» **Aim of the task**
Once you find the line with "bosquet de bambous photo" in the listing below, set down exactly every line from it through the line with "SAKO, Heddal kirkebøker, F/Fa/L0009: Ministerialbok", but no pictures.

» **Exercise data**
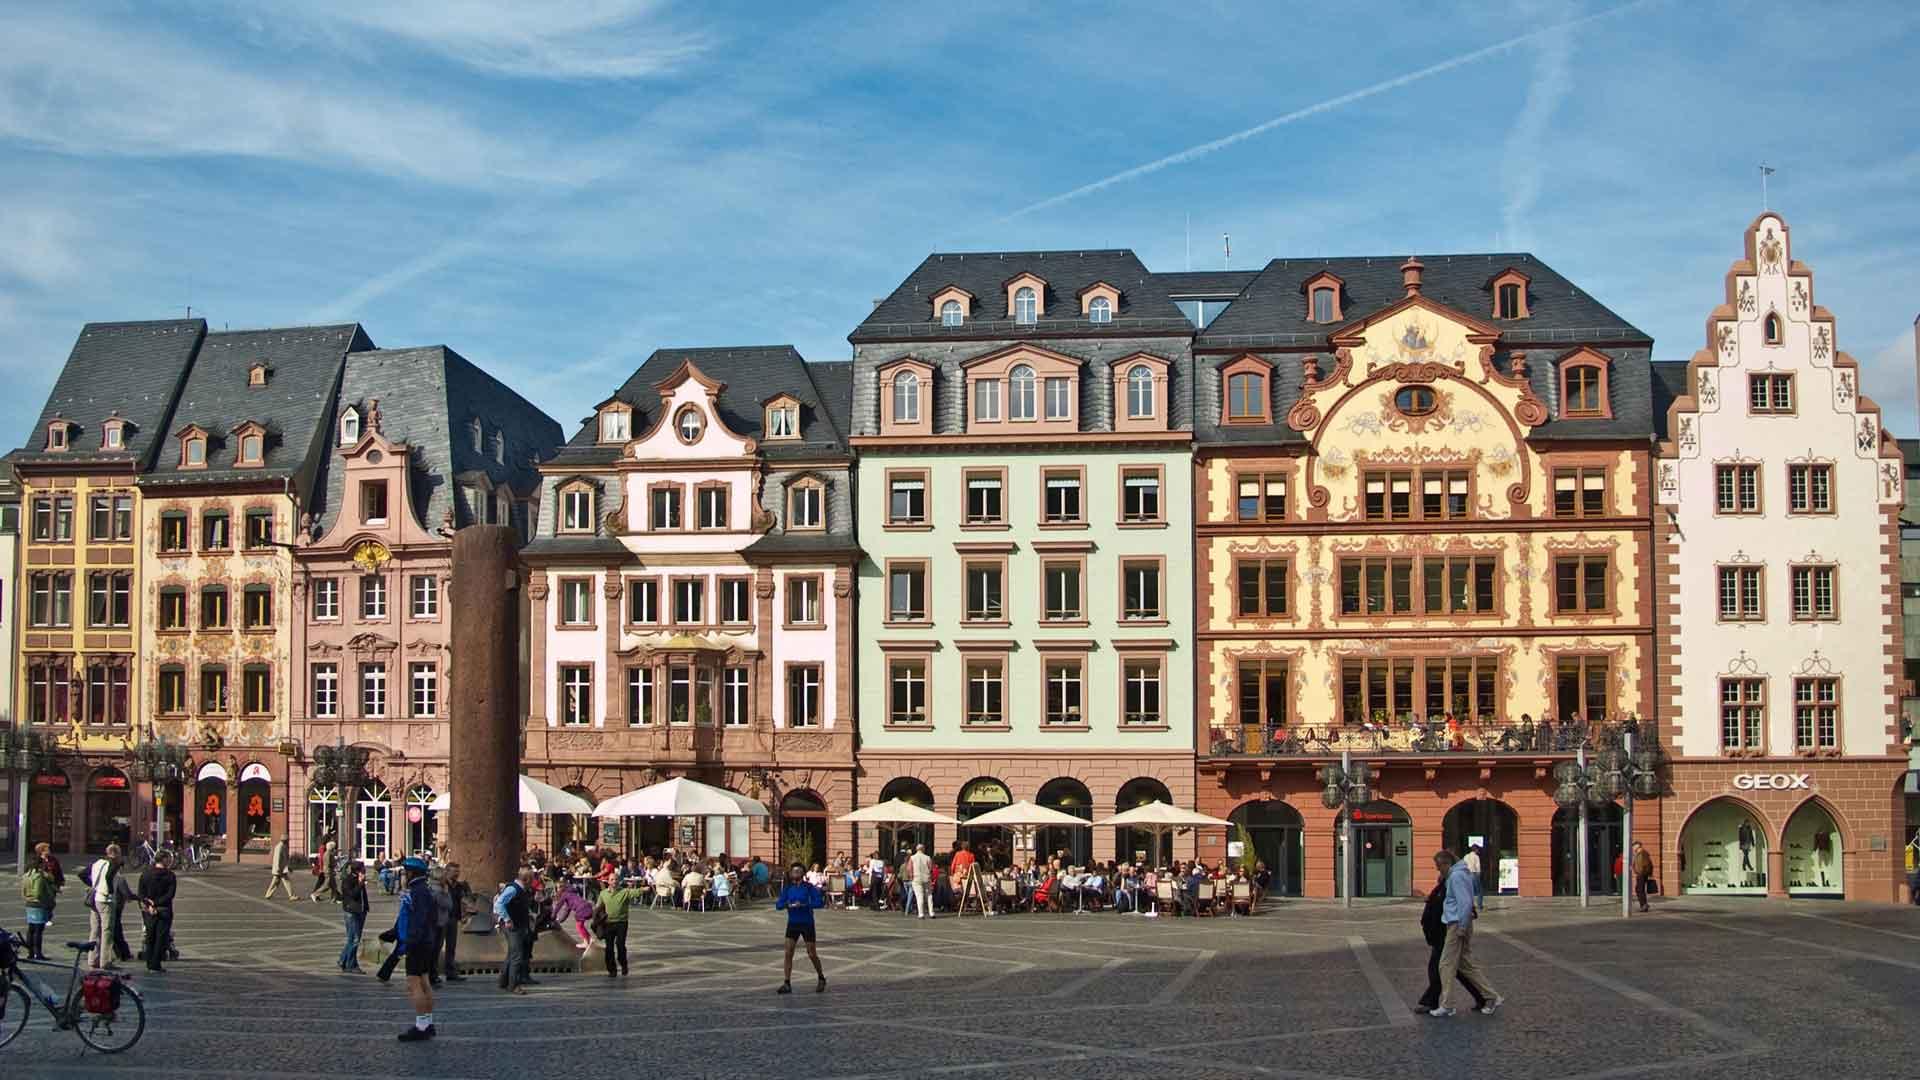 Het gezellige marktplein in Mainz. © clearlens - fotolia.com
==
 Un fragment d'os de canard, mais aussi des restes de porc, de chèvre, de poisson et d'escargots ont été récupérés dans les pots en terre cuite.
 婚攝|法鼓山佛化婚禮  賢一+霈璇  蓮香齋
* * *
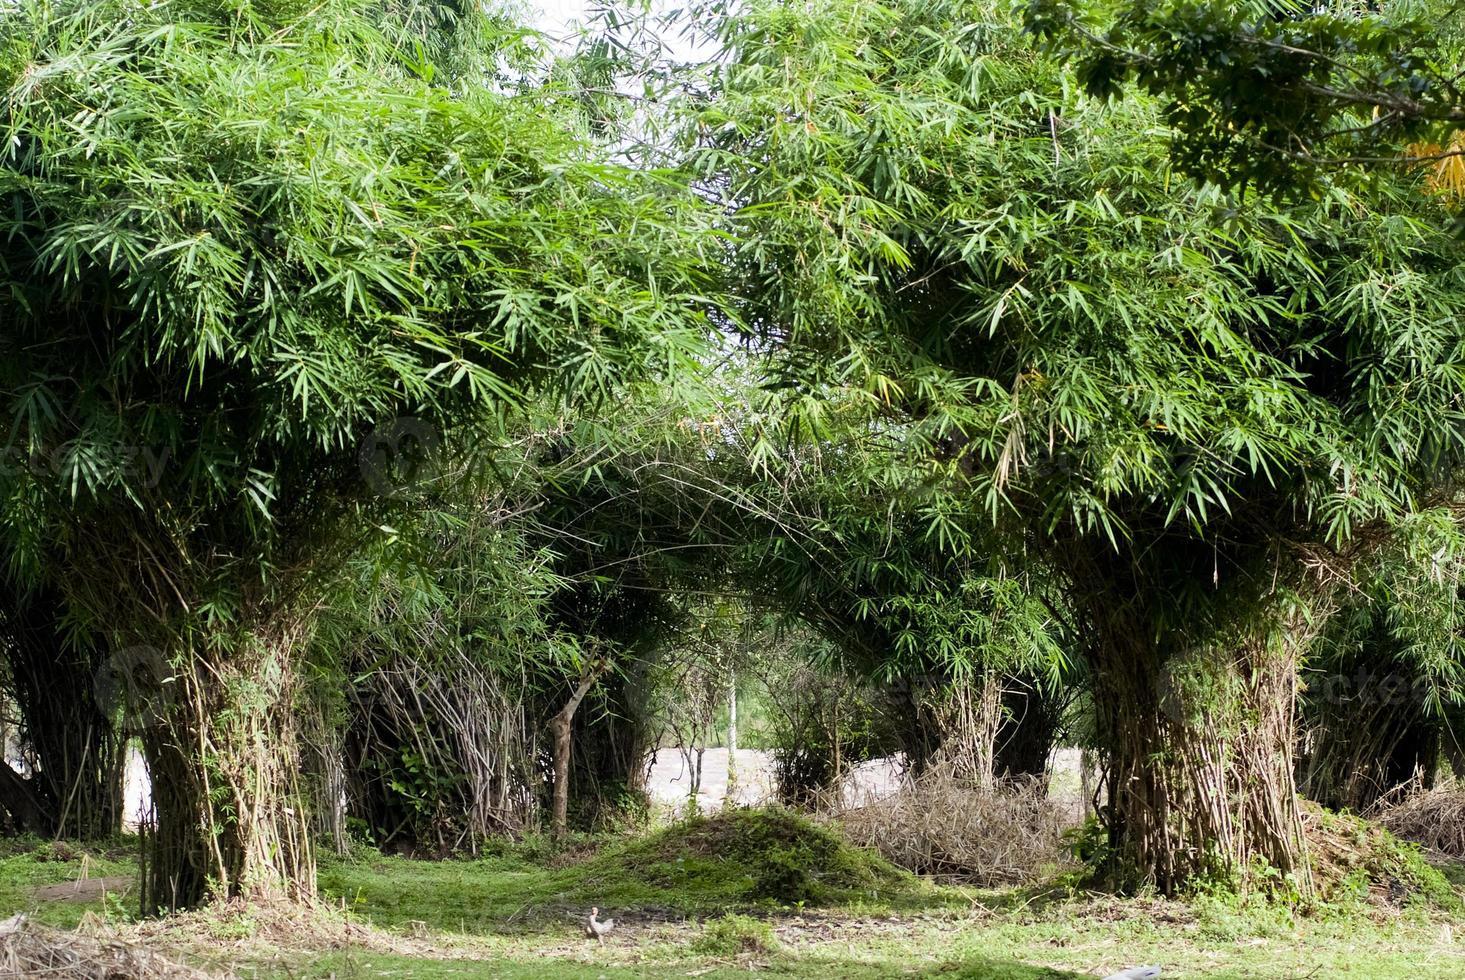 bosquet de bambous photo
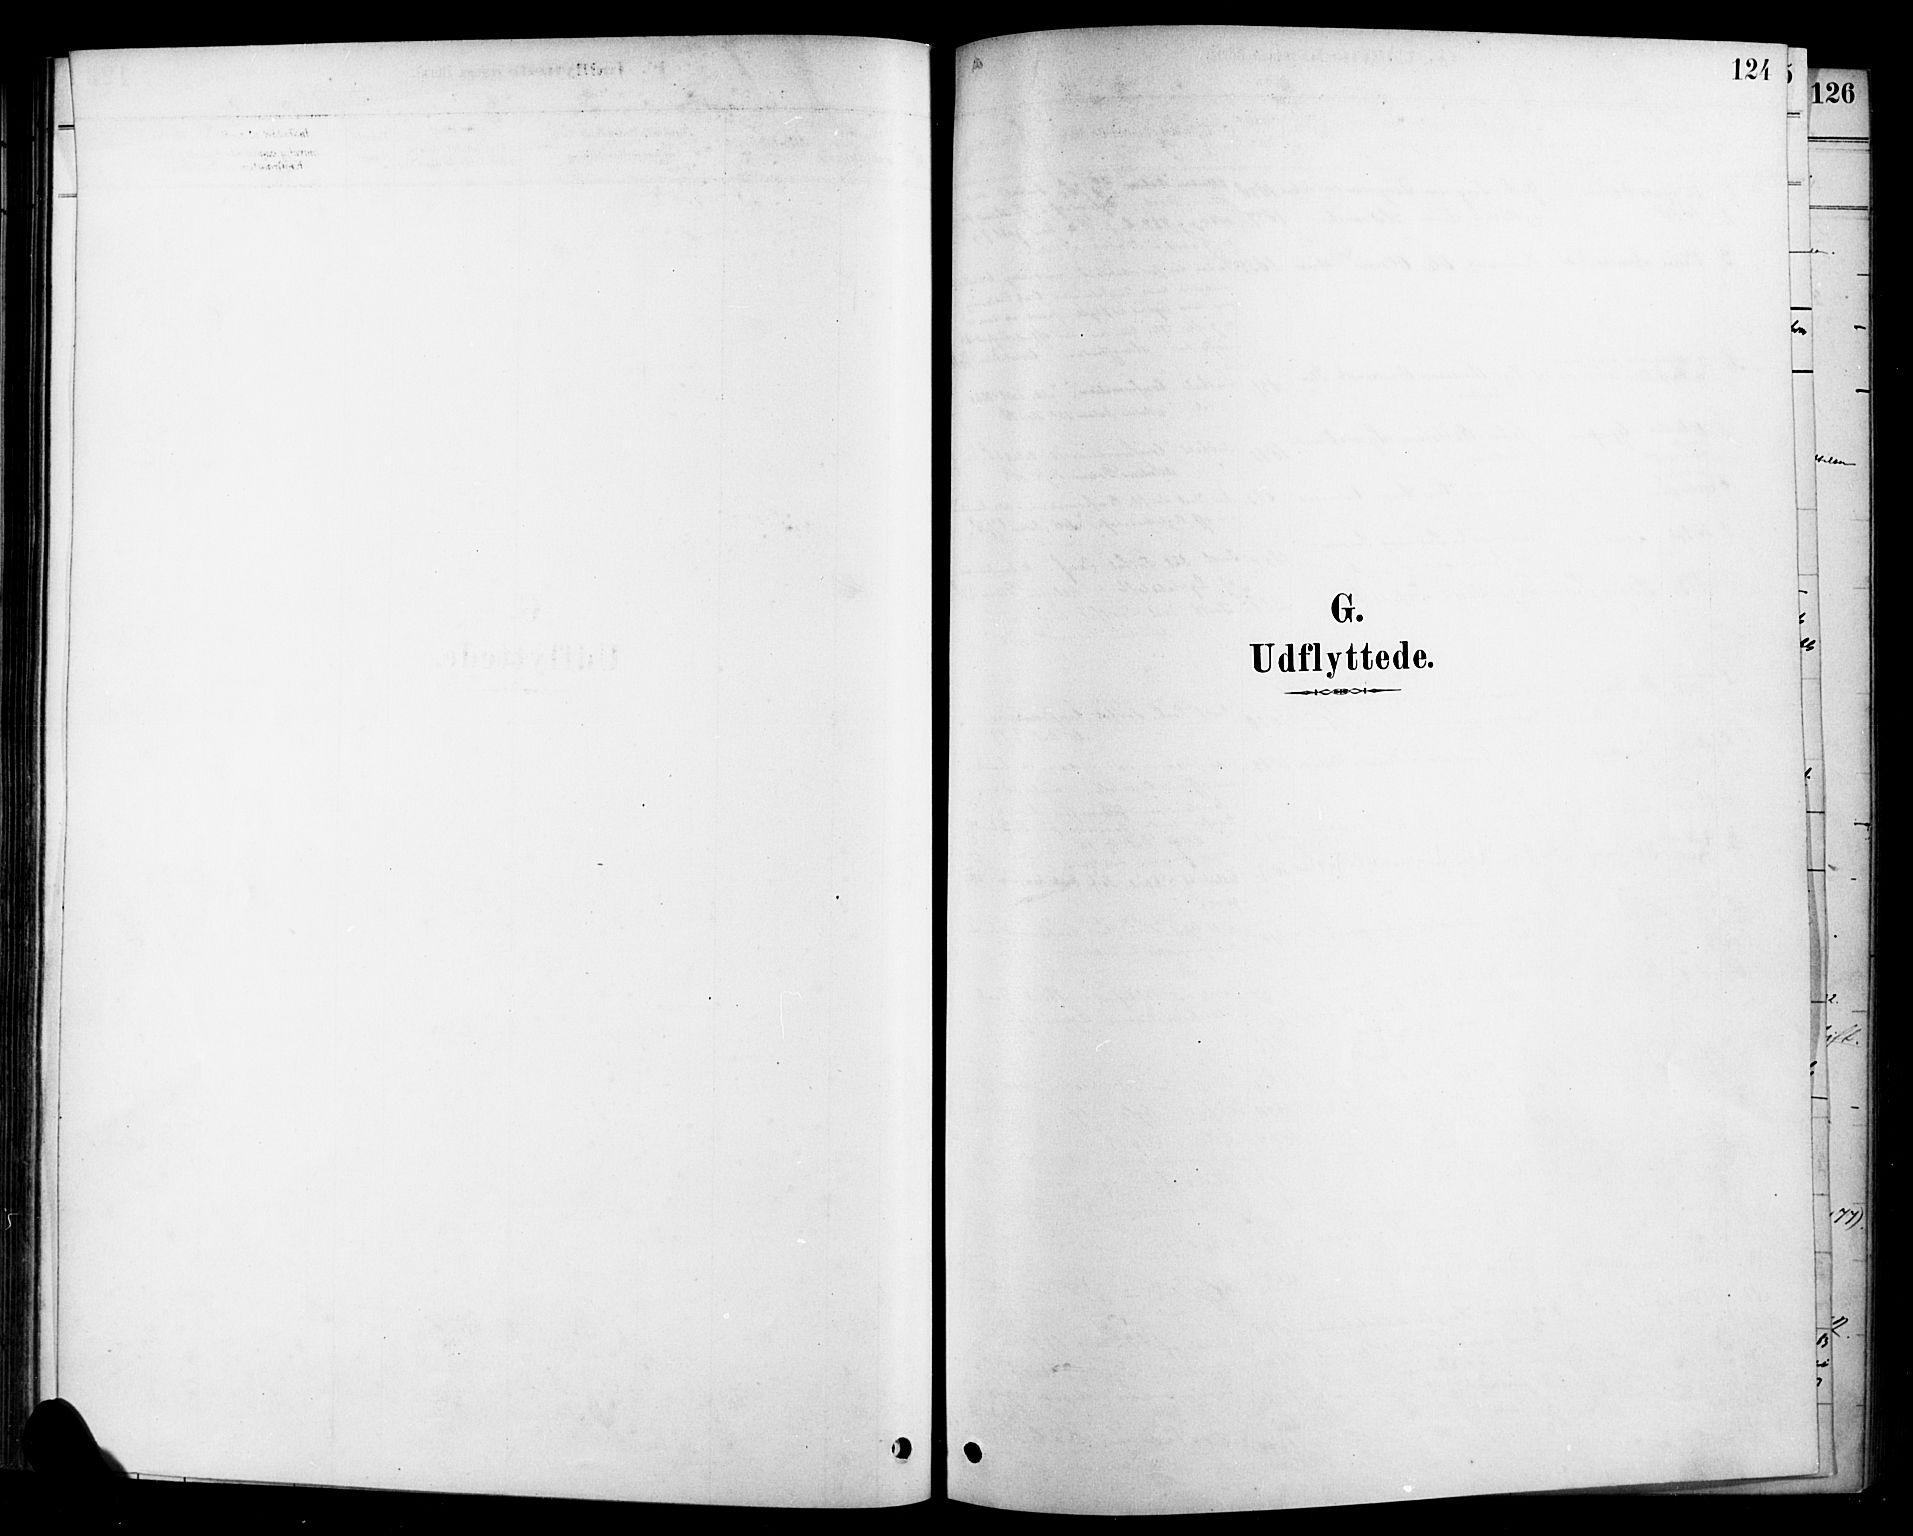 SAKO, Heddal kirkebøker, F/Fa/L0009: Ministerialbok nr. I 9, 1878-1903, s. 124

» **Answer space**
 bosquet de bambous photo
 SAKO, Heddal kirkebøker, F/Fa/L0009: Ministerialbok nr. I 9, 1878-1903, s. 124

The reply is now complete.